Reproduce exactly the lines from the one containing "Miss MAXIM 2016 the Sexy Icon (MX131-MX140)" through the end of the entries, including both. Drop the pictures.

Stored entries
━━━━━━━━━━
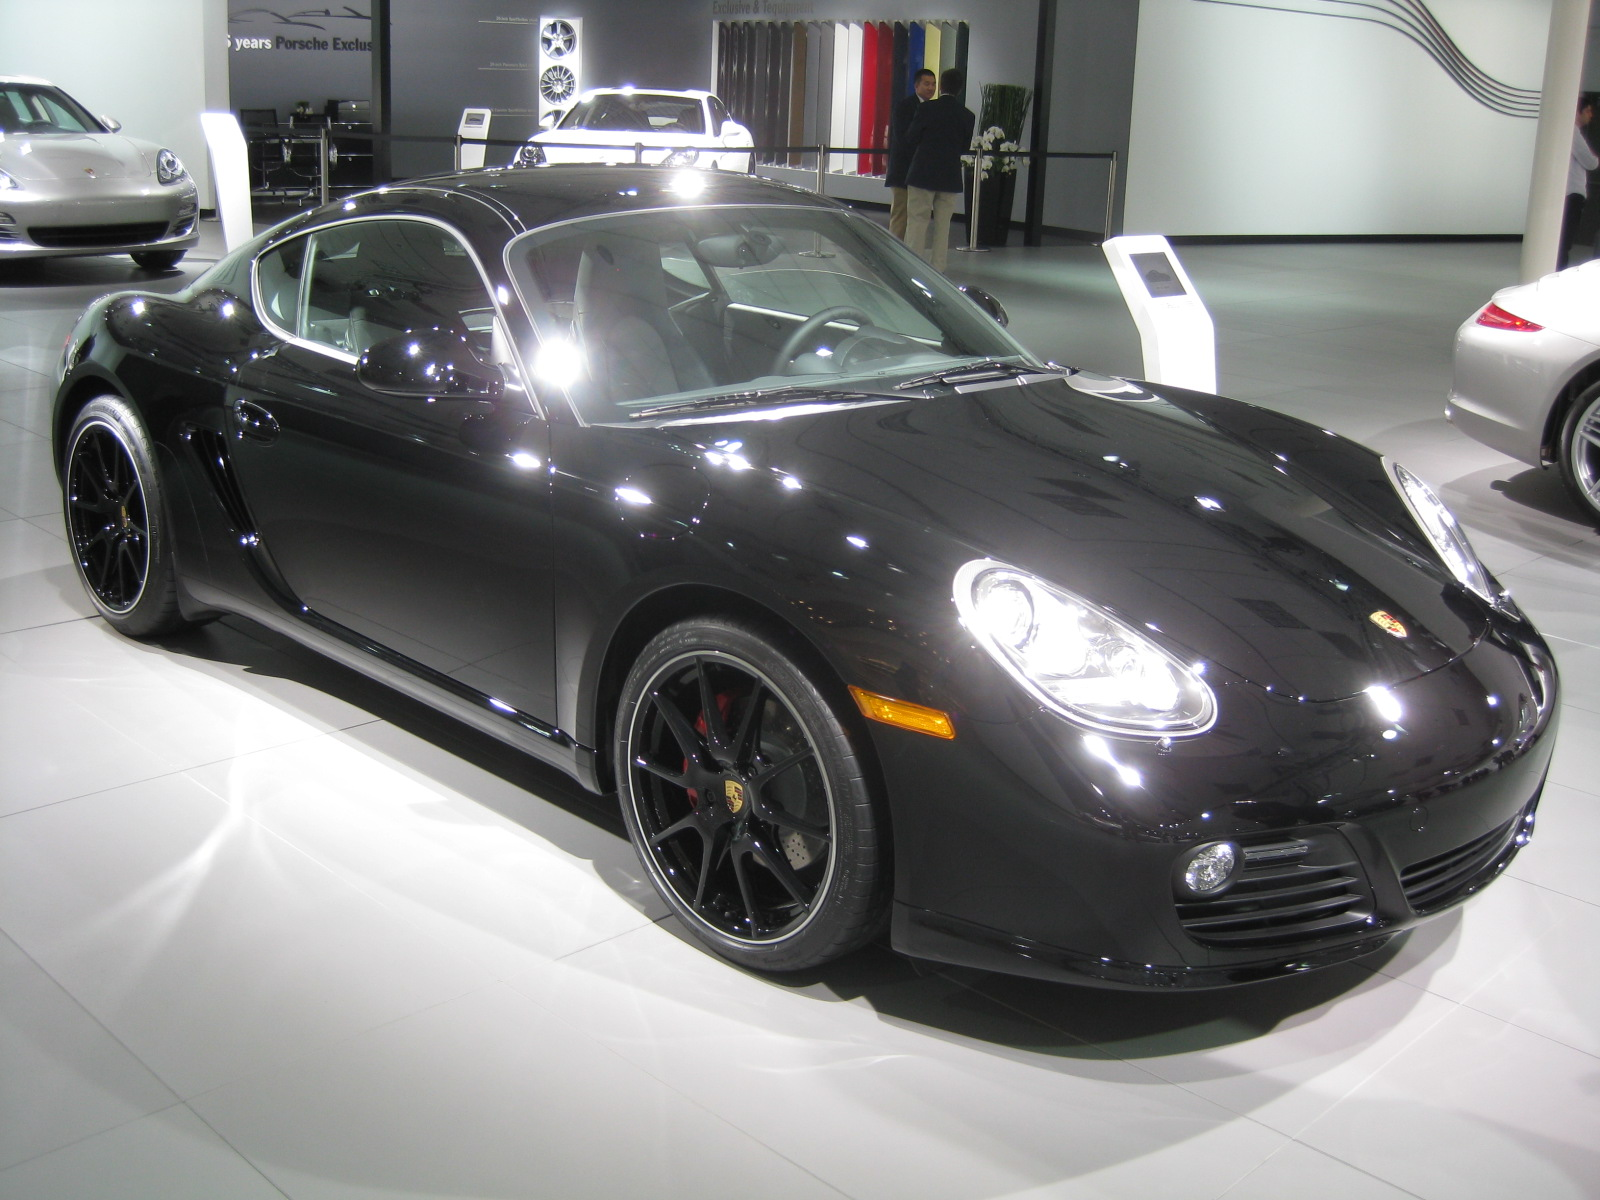 Black Porsche Car 2012 2012 Porsche Cayman s Black
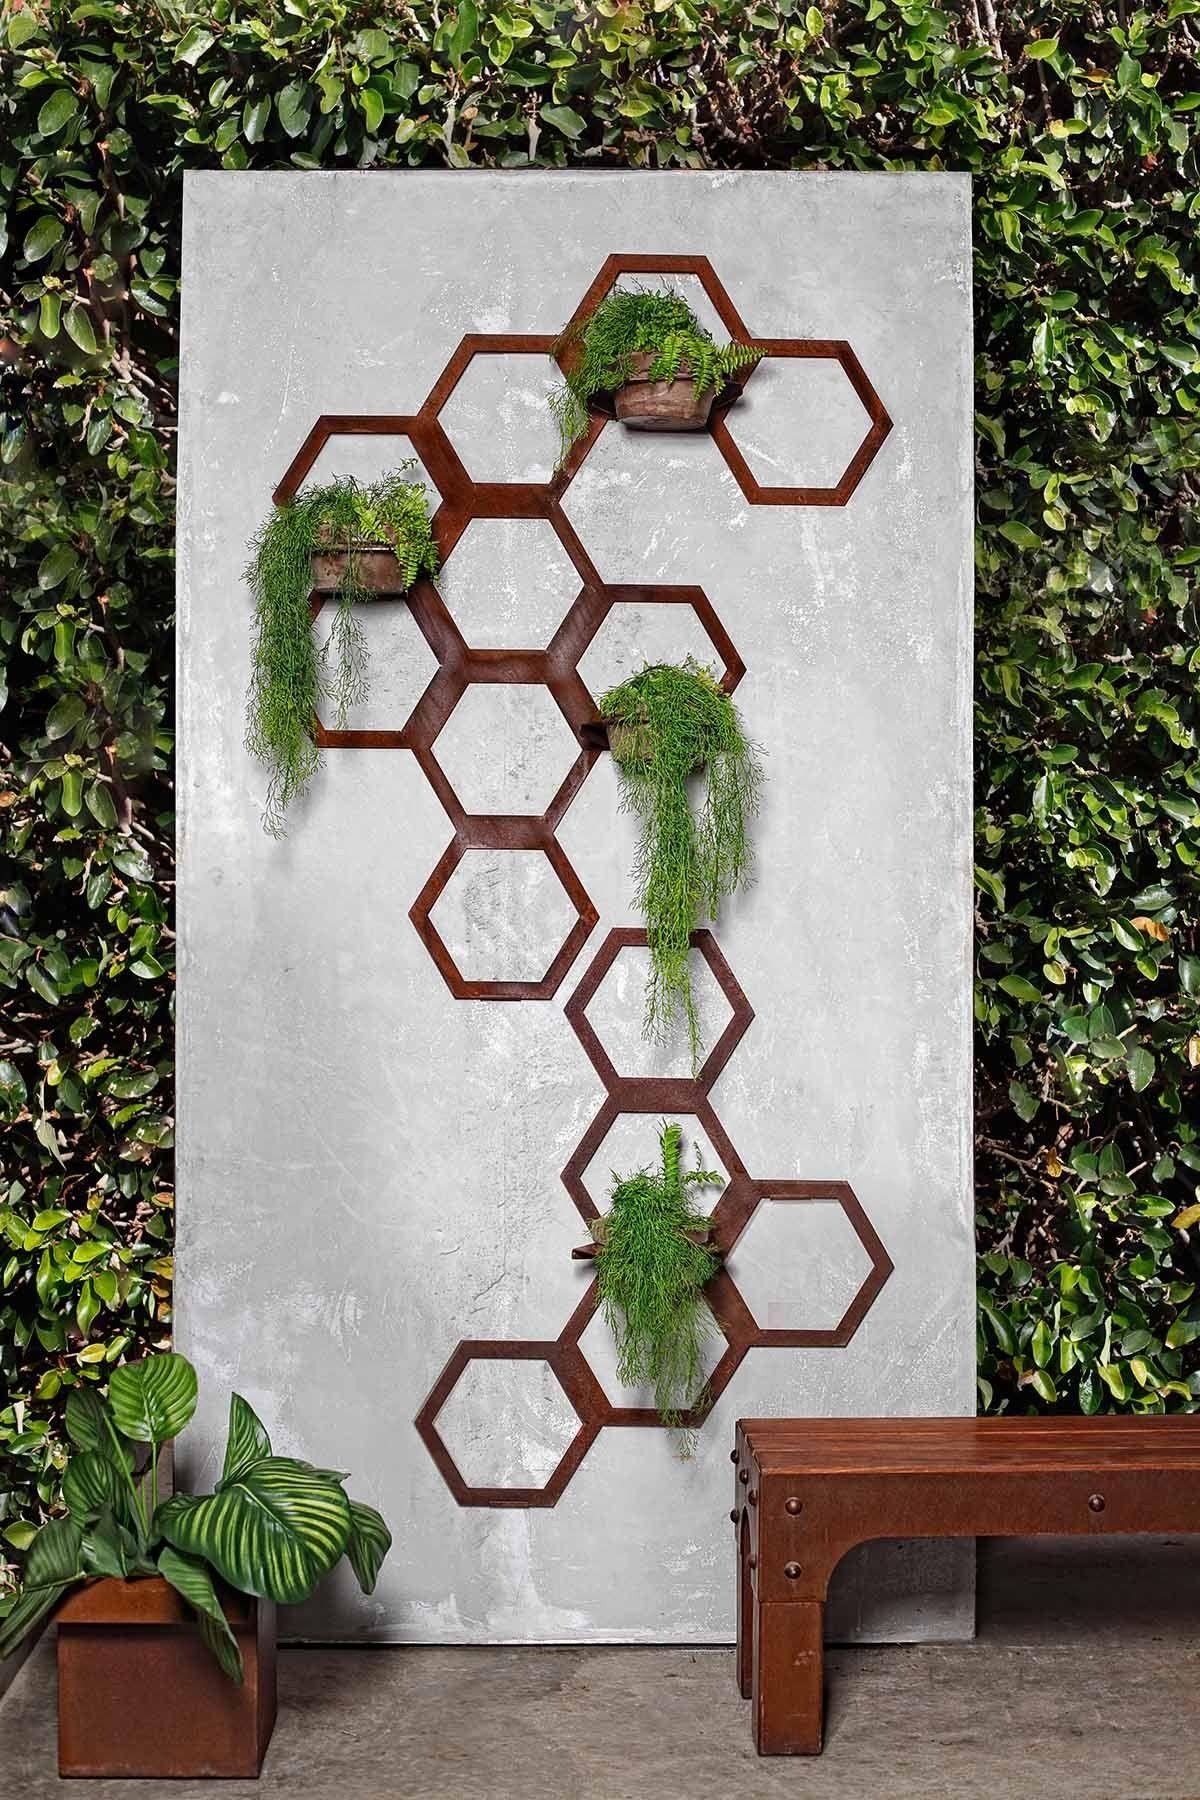 Hexagon Trellis Planters Range Planter Trellis Wall Planters Outdoor Metal Wall Planters
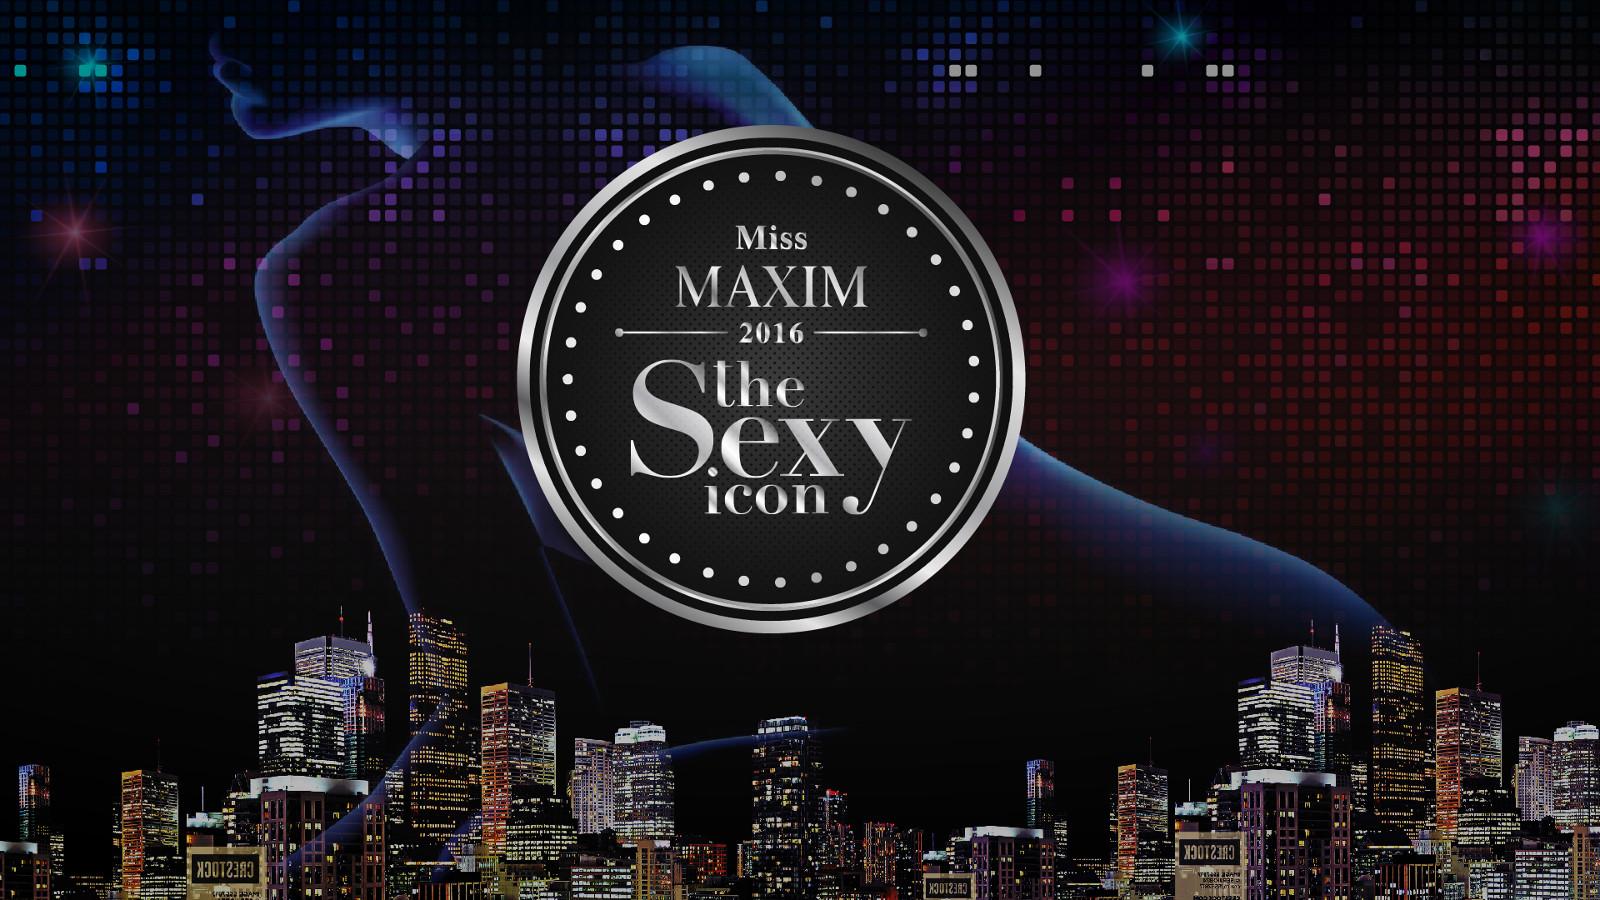 Miss MAXIM 2016 the Sexy Icon (MX131-MX140)
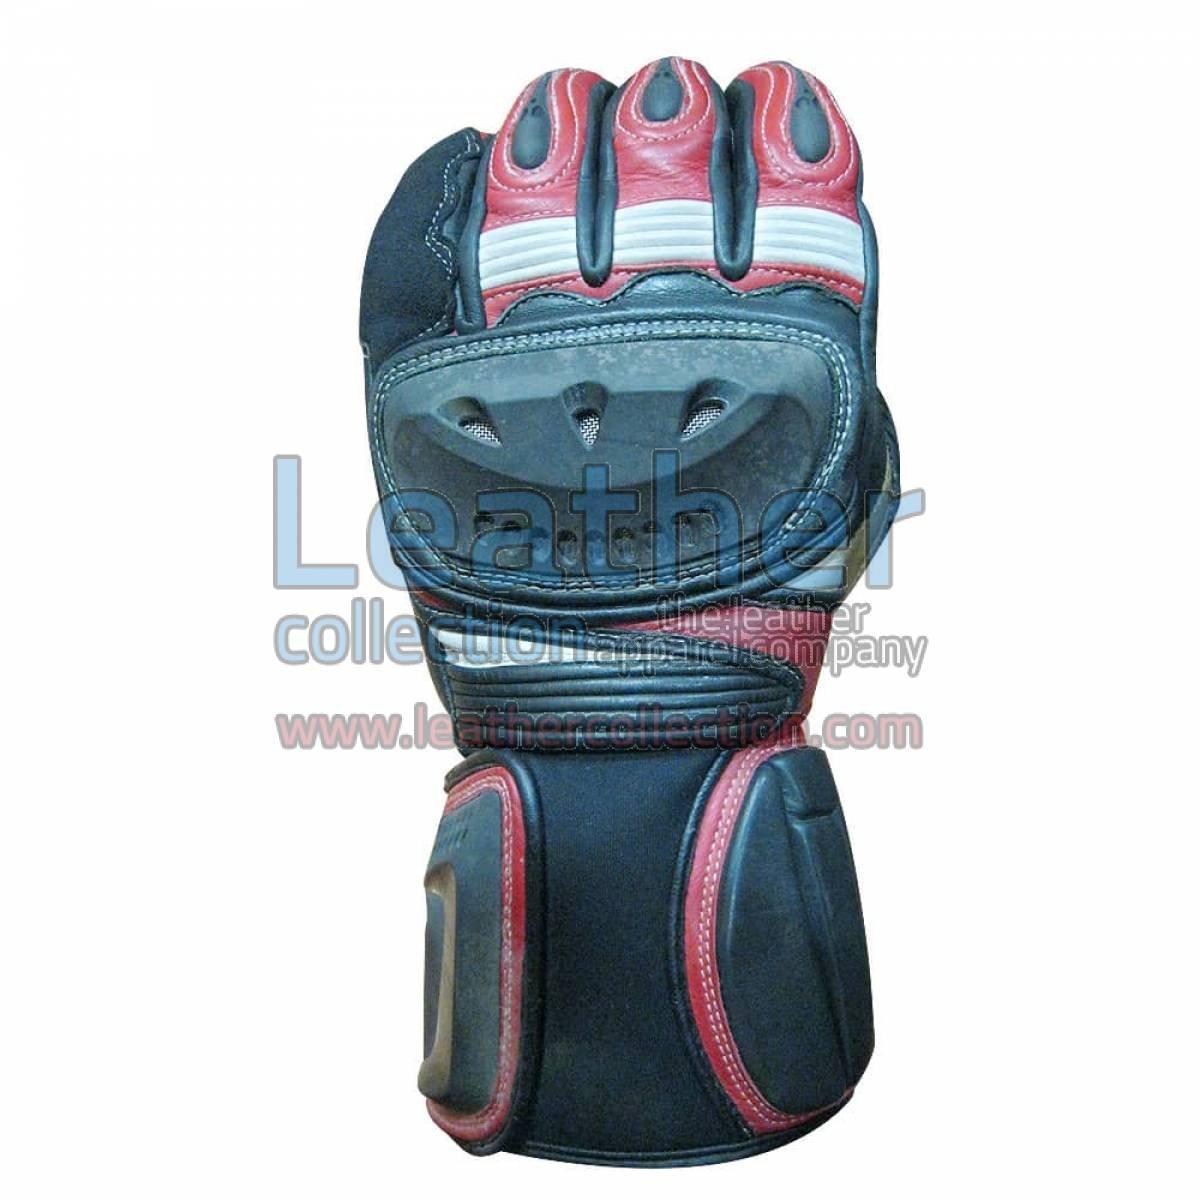 Shadow Motorbike Leather Gloves
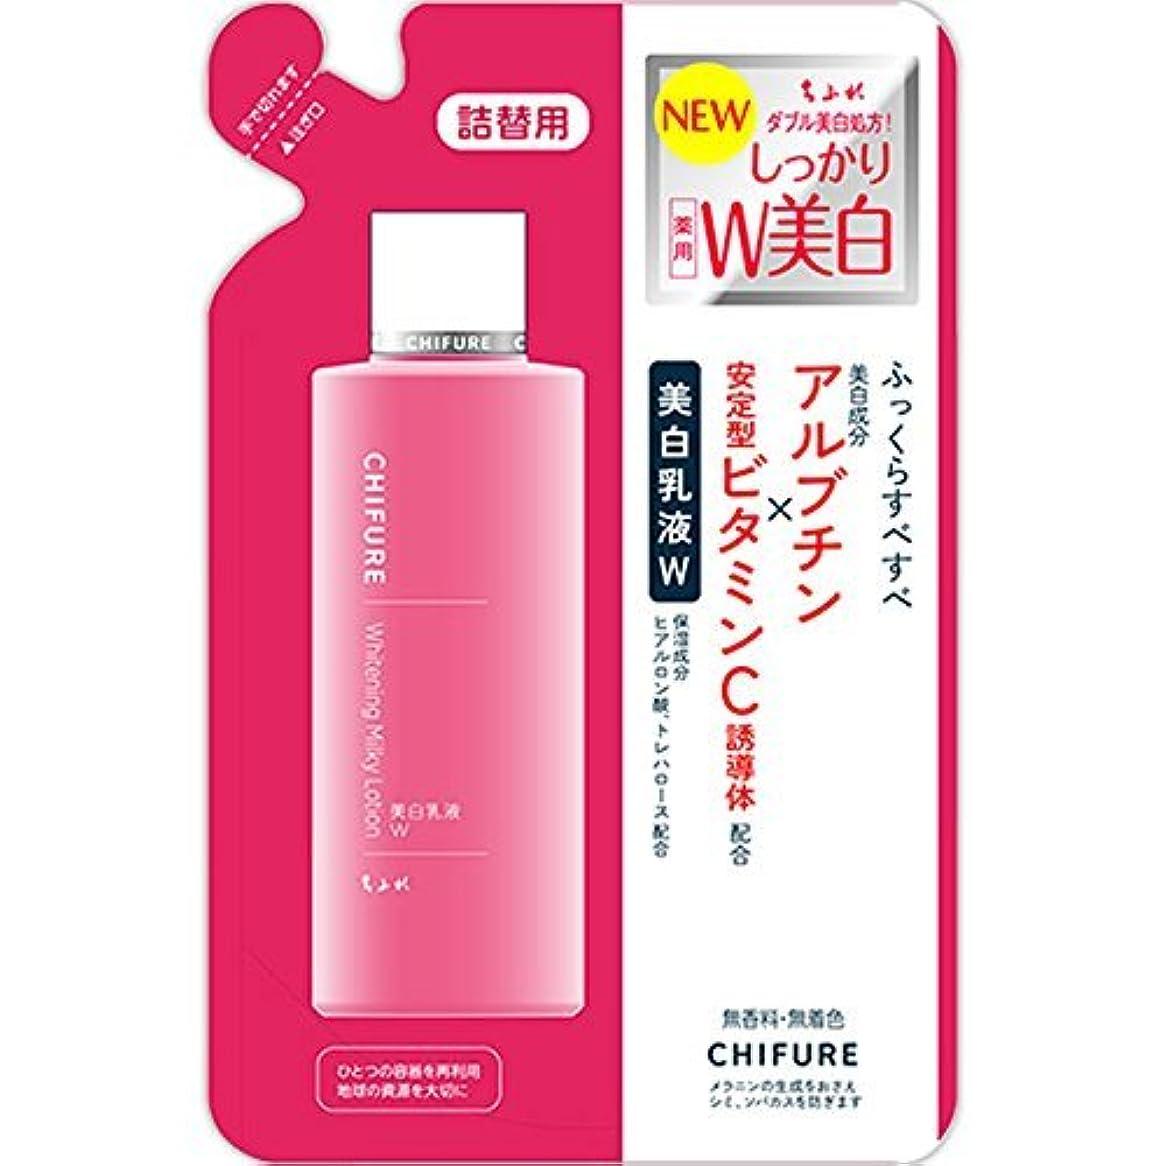 裁量繊維縞模様のちふれ化粧品 美白乳液 W 詰替 150ML (医薬部外品)
━━━━━━━━━━
▶ **Result for this task**
 Miss MAXIM 2016 the Sexy Icon (MX131-MX140)
 Shadow Motorbike Leather Gloves
 裁量繊維縞模様のちふれ化粧品 美白乳液 W 詰替 150ML (医薬部外品)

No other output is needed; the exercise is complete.